= Interpolation theory =

Biological theory

The Interpolation Theory, also known as the Intercalation Theory or the Antithetic Theory, is a theory that attempts to explain the origin of the alternation of generations in plants. The Interpolation Theory suggests that the sporophyte generation progenated from a haploid, green algal thallus in which repeated mitotic cell divisions of a zygote produced an embryo retained on the thallus and gave rise to the diploid phase (sporophyte). Ensuing evolution caused the sporophyte to become increasingly complex, both organographically and anatomically.

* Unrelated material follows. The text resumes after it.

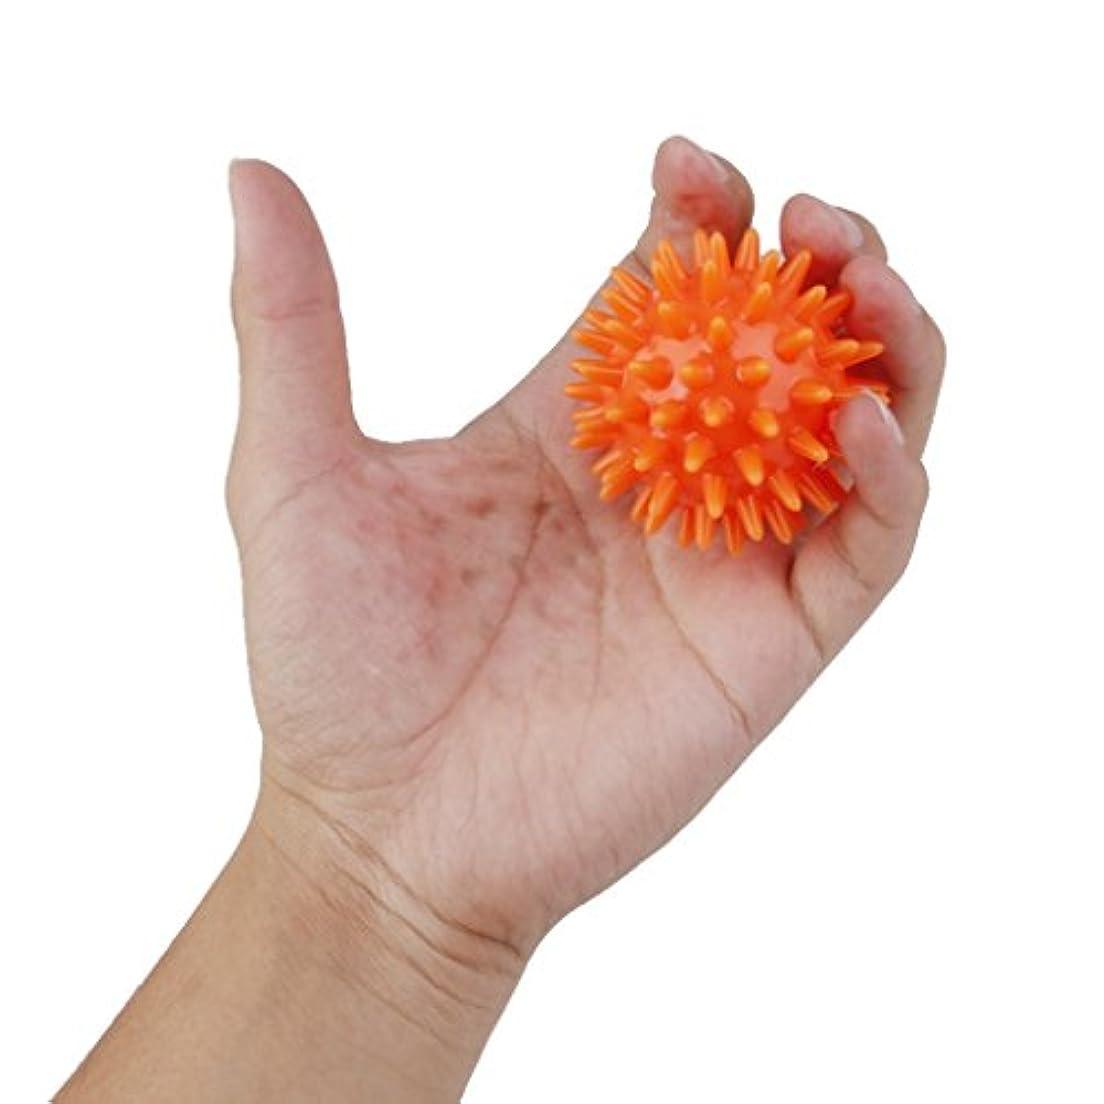 容赦ない造船操るマッサージボール 手のひら 足 腕 首 背中 足首 ダーク フック側 マッサージ 疲れ 緩和 オレンジ

The Interpolation Theory was introduced by Čelakovský (1874) as the Antithetic Theory. Bower (1889) further developed this theory and renamed it the Interpolation Theory. The theory was later supported by Overton (1893), Scott (1896), Strasburger (1897), Williams (1904), and others.

The gradual evolution of an independent, sporophyte phase was viewed by Bower as being closely related to the transition from aquatic to terrestrial plant life on Earth.

Evidence supporting this theory can be found in the life cycle of modern Bryophytes in which the sporophyte is physiologically dependent on the gametophyte. Competing theories include the Transformation theory, which was introduced as the Homologous theory by Čelakovský, and also renamed by Bower.